Eastwood’s film tells us the all-American mythology of Navy SEAL Chris Kyle (played by sharply blue-eyed Bradley Cooper), America’s most decorated sniper, known for roughly 200 kills. Just as he is about to gun down a bomb-carrying Iraqi boy and his mother, we flash through his Texas life: full of violence, whether through animal hunts or schoolyard brawls; molded by a stern father; supported by a loyal wife and ignited by 9/11 and terrorist attacks against American embassies. He is charismatic, loyal, and compassionate. He rides horses and defends his brother against bullies. In combat, Kyle is tougher than his commanders, advises Marines, is more insightful than intelligence officers, and is almost immune from enemy fire, except for the PTSD it causes him and vicariously causes his family, which he treats by going back on tour.
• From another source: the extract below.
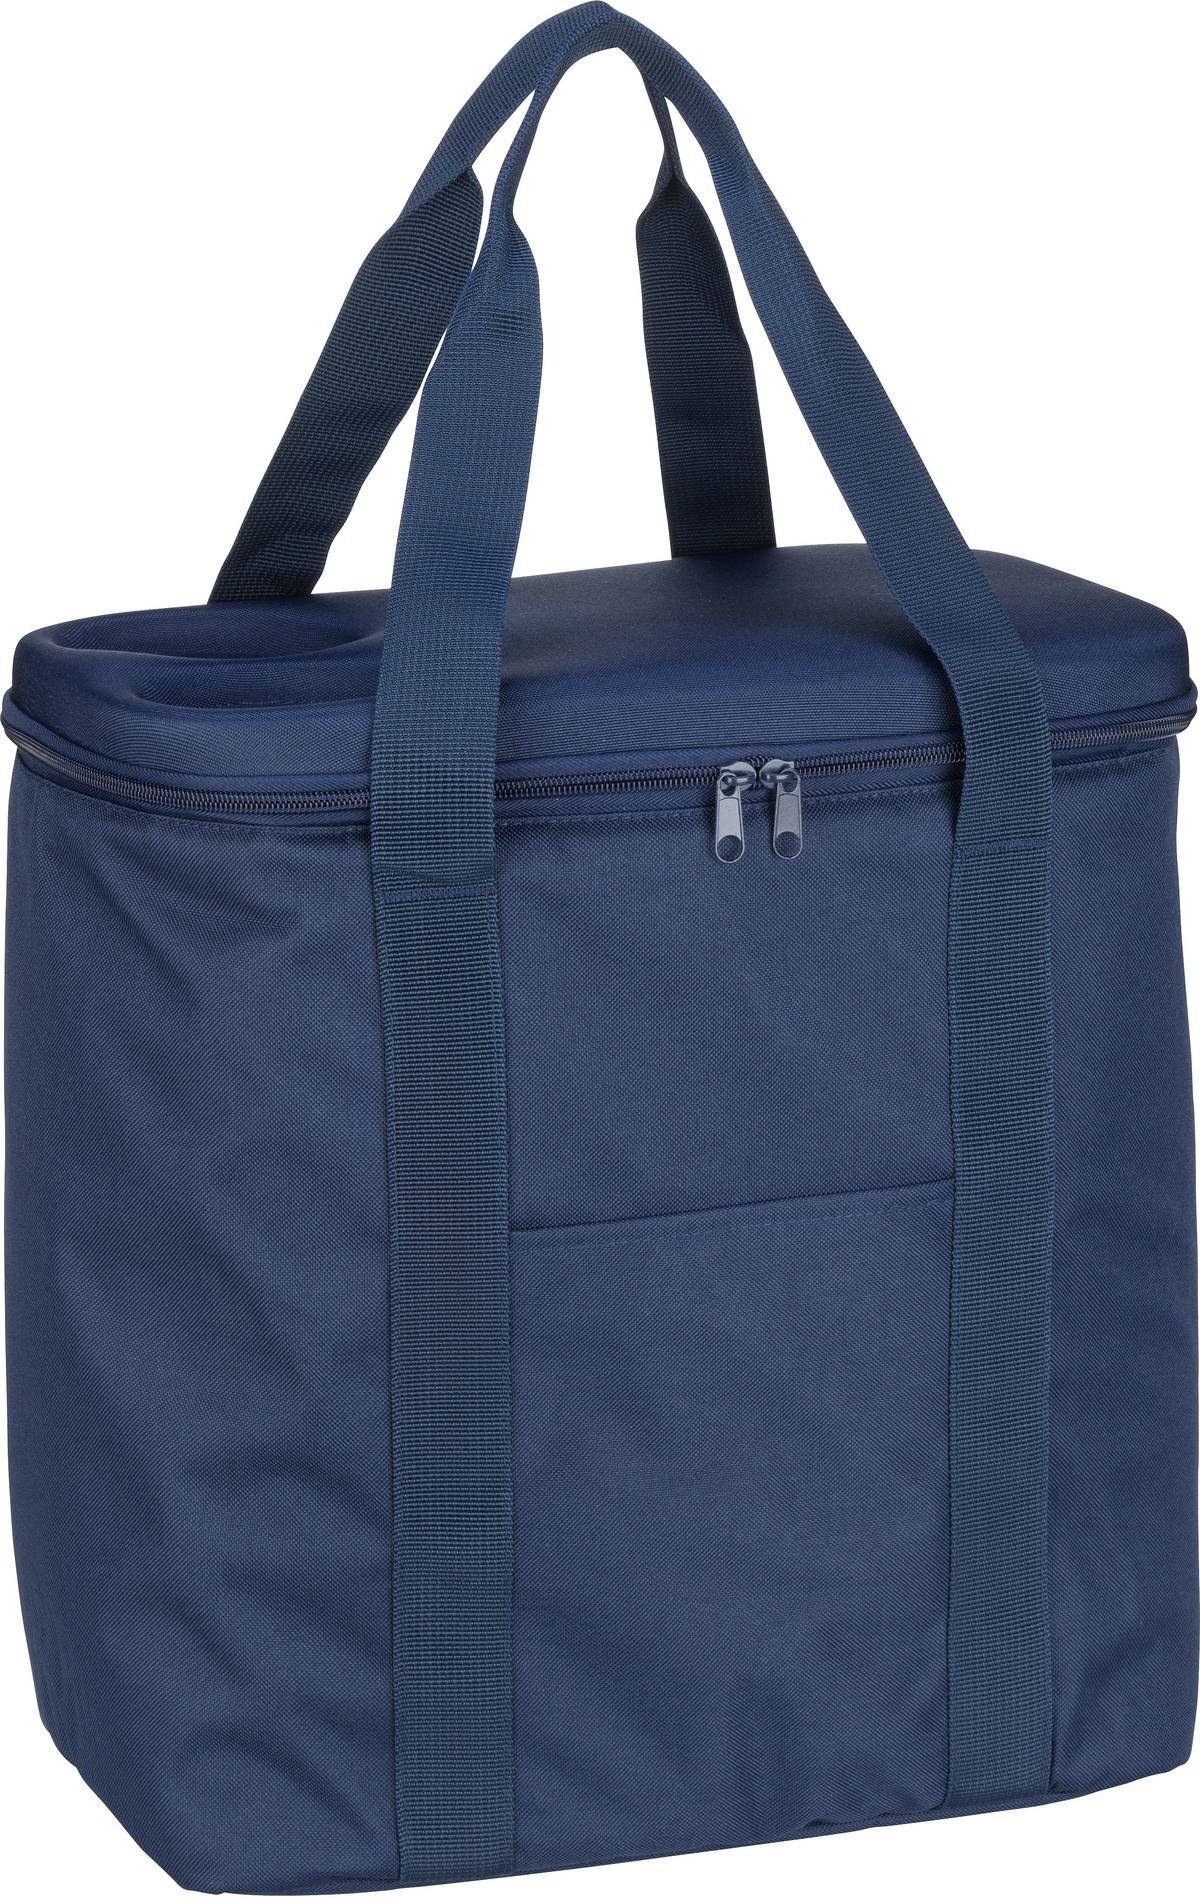 reisenthel coolerbag XL  in Navy (30 Liter), Einkaufstasche
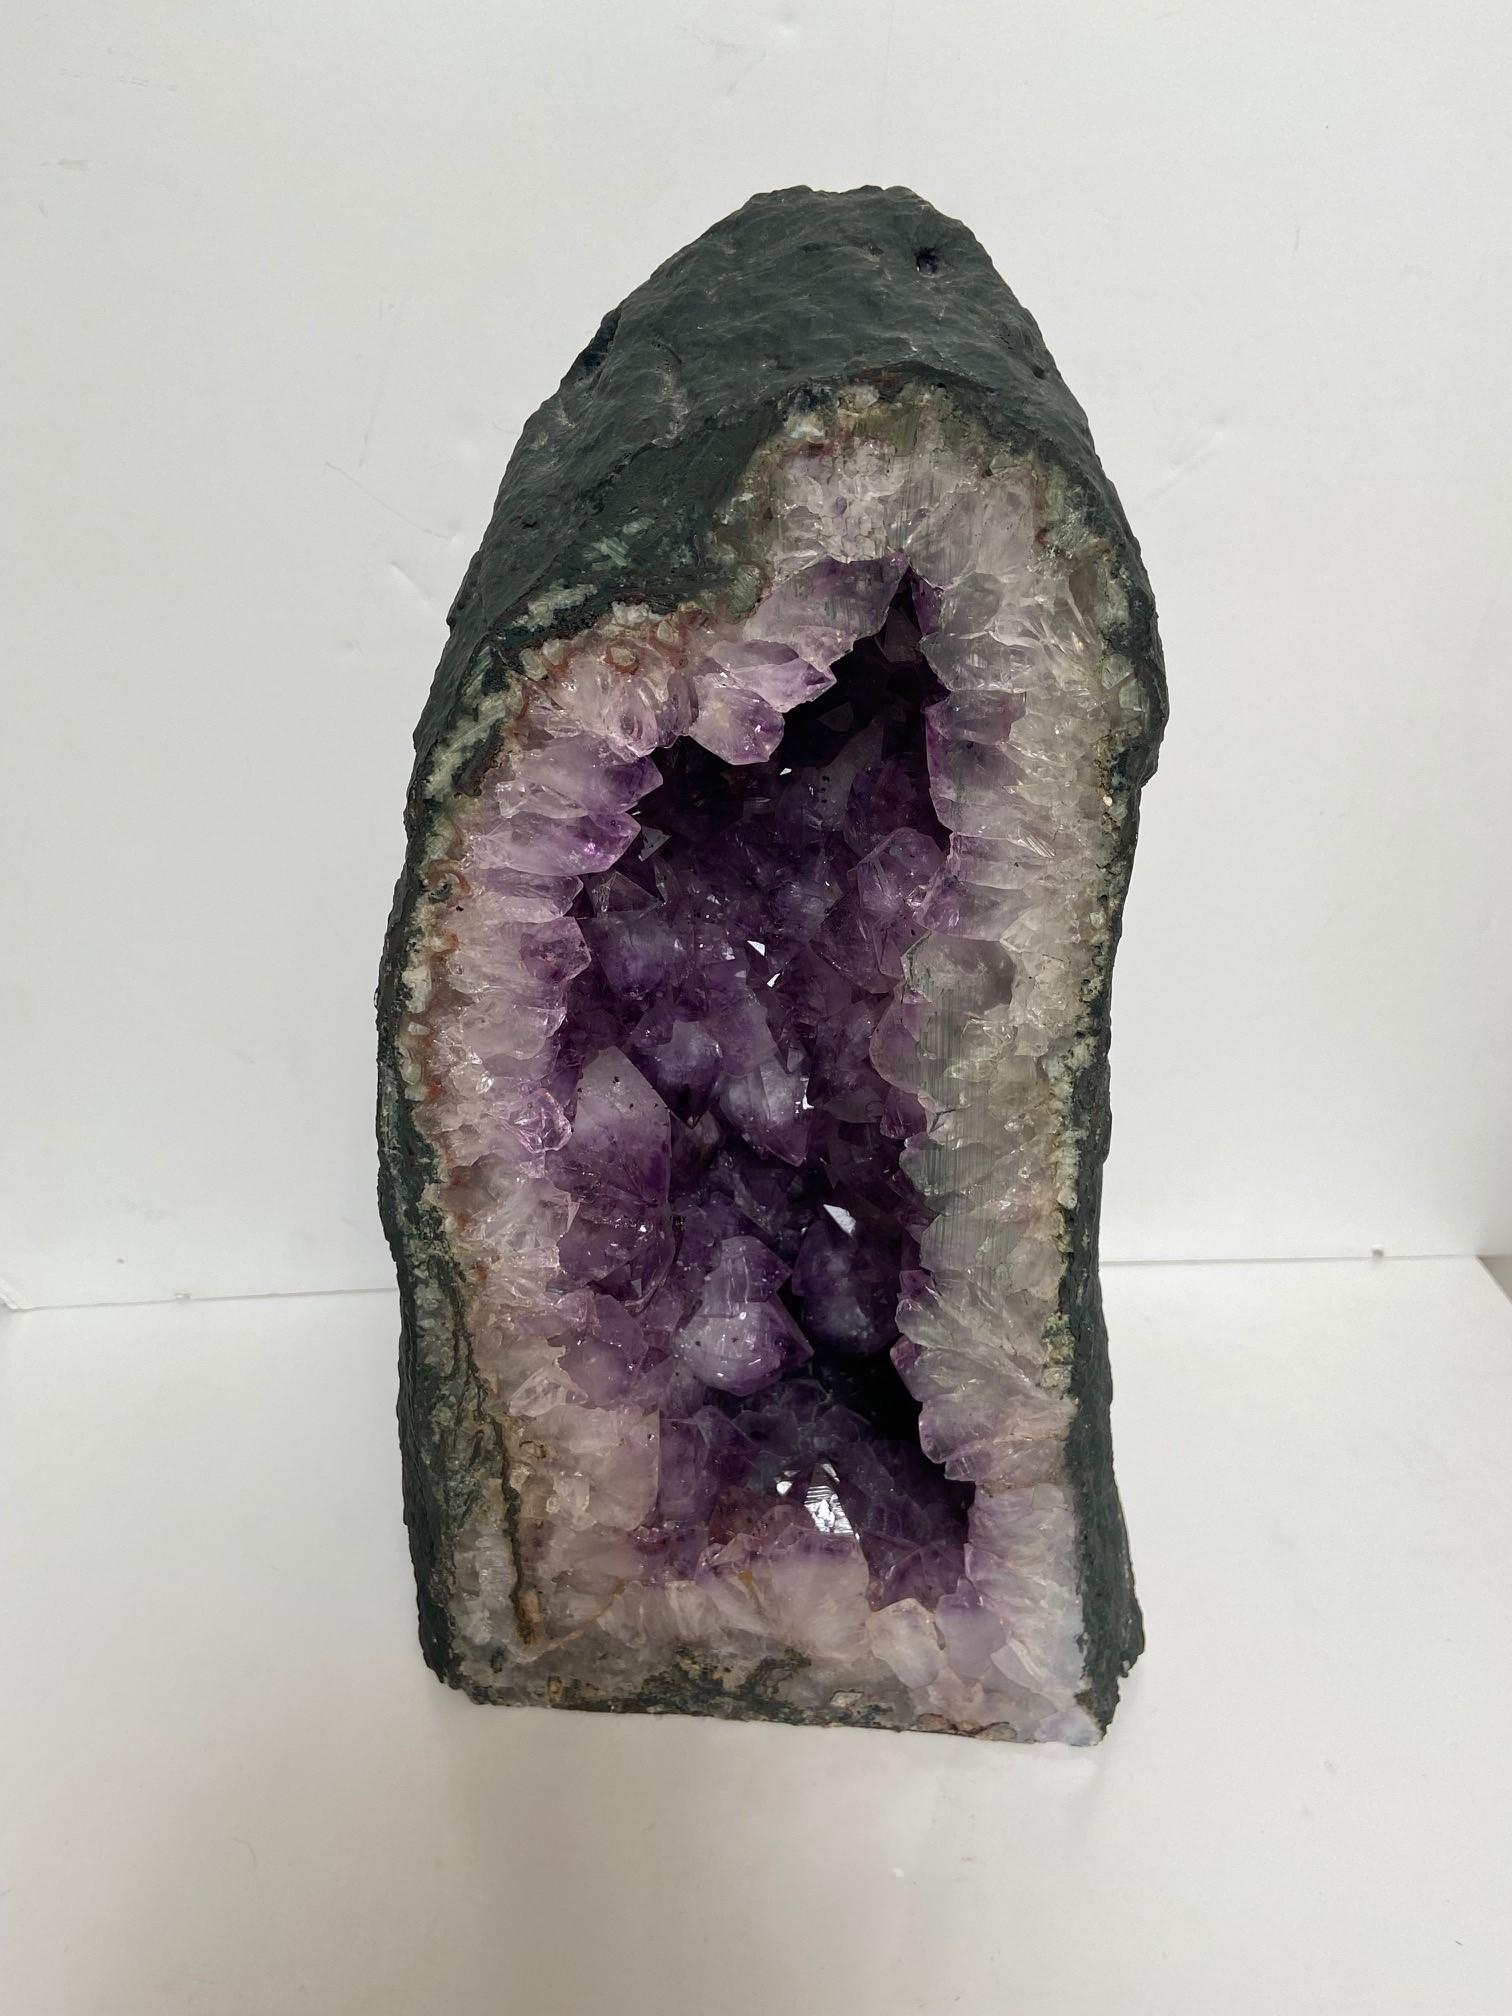 Amethystkristall Höhle eine auffallende geschliffene und polierte Amethystquarzgeode hohe bergige Form, der einzelne polierte Schliff zeigt tief violetten Amethystkristall.

The film alternates between dramatic moments of sniper killings and the decline in his mental health and personal life. In other words, he has no flaws of his own save for the trauma inflicted upon him.

sniper 2

Sniper depicts an America that is trapped. It dreams of utopia, but keeps getting burdened with civilizing a hostile world. Eastwood’s film suggests that it’s honorable for someone to choose service to his (American) nation, but the price is not only his family and mental well-being, but his own life. With its concluding mention that Kyle was murdered while trying to help someone, also a soldier in need of mental health rehabilitation, Sniper suggests another lesson: that violence is so deep in the American soul that it is organized and not unexpected, that neither family nor religion are able to subdue it, and we honor those who are the best at it. The Iraqis in the film are not all that different from hunted deer, without inner lives of their own. Unlike the Japanese in Eastwood’s Letters from Iwo Jima, they are merely hunters and hunted—like animals.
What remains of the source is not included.